COLOUR – photo series
Details
COLOUR is an extensive database featuring close-up photographs of human skin. Clothing, jewellery, scars, and tattoos are prominent elements in these images.
The photographs were taken in a variety of locations, including amateur football clubs, colleges, community centres, and museums. The database represents a diverse range of skin colours, ages, and cultural backgrounds.
Images from the project form the basis of the Bias in AI workshop, which Johan Nieuwenhuize developed in collaboration with the Lectorate of Philosophy and Professional Practice at The Hague University of Applied Sciences.

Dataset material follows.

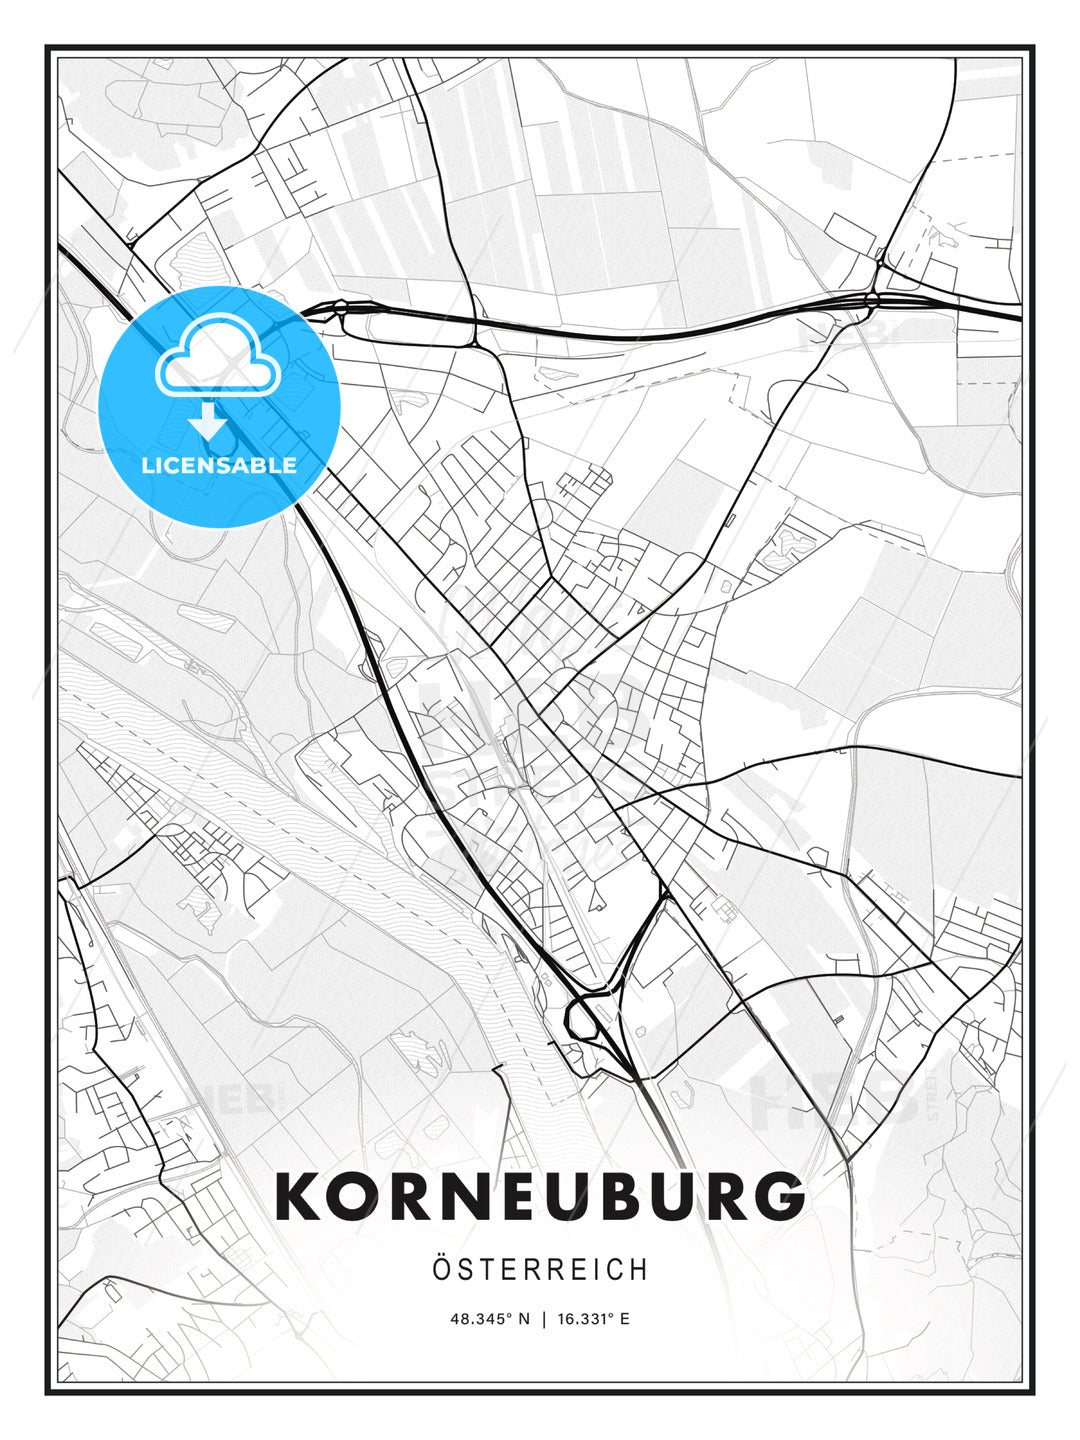 Korneuburg, Austria, Modern Print Template in Various Formats - HEBSTREITS Sketches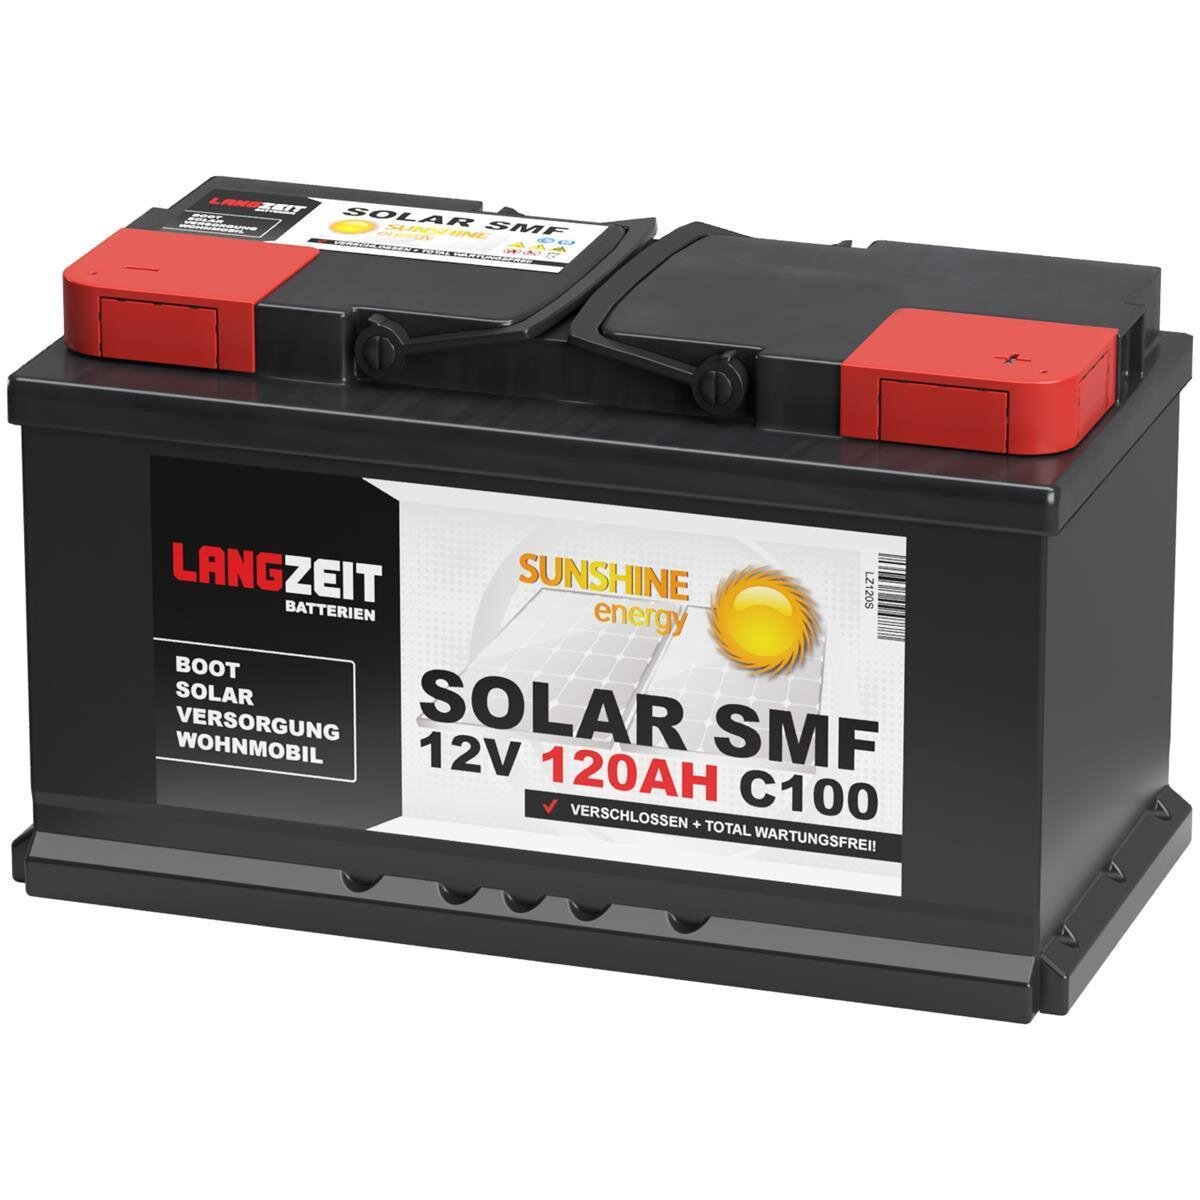 Solarbatterie 120Ah 12V EXAKT DCS Wohnmobil Versorgung Boot Solar Batterie  (120AH 12V) : : Gewerbe, Industrie & Wissenschaft

This project began with a fascination for how people perceive skin colour through photography. In the popular science book The Vision Revolution, Mark Changizi demonstrates how different skin types reflect colours and how all skin types contain almost identical amounts of these colours. Yet, if the measurable differences in skin colour are so small, why does the subject remain so polarising in society?
The Vision Revolution on the website of Mark Changizi: https://www.changizi.com/ (1)
Nieuwenhuize began by taking detailed photographs of people’s skin. Cultural elements soon became just as significant as the skin itself in his images.
At the same time, AI was—and continues to be—developing at a rapid pace, quickly becoming a commonplace technology.
People often take AI for granted as a convenient and objective tool, particularly generative AI, which has become immensely popular with the general public. However, AI contains many exclusionary mechanisms, and its outcomes can be far from inclusive. Which steps in the process are truly human, and can we still influence them to harness AI for the better?
“How do you label an image of a human being without being influenced by your own biases?”
Nieuwenhuize is curious to see how people engage with his work and what emotions or thoughts his photographs evoke. He aims to encourage his audience to project their own memories and ideas onto his images.
For this series, Nieuwenhuize photographs individuals from all walks of life, including members of an amateur football club, a startup in De Zuidas, and elderly people with migrant backgrounds.
The photographs are taken in extreme close-up, almost at a macro level.
The images are captured during photo sessions held at various locations. Participation is voluntary, and anyone can take part. Participants register for the project in advance and provide their consent. During the sessions, they choose which part of their skin is photographed and are shown the results afterwards. They also receive a digital copy of their photograph.
Despite the limited information provided, the images feel deeply intimate. Viewers are compelled to rely on their own interpretations and are confronted with their personal biases.
Because of the diversity represented in the project, everyone can recognise something of themselves in the photos.
Nieuwenhuize is curious to see how people engage with his work and what emotions or ideas his photographs evoke. Essentially, he aims to encourage his audience to project their own memories and ideas onto his images.
This raises the question: How do you label an image of a human being without being influenced by your own biases?
Through his projects The Bubble (2018) and In Times of Corona (2021), Nieuwenhuize has sought to critically examine AI and its filter bubbles. With COLOUR, he aims to raise awareness of AI’s exclusionary mechanisms and inherent biases.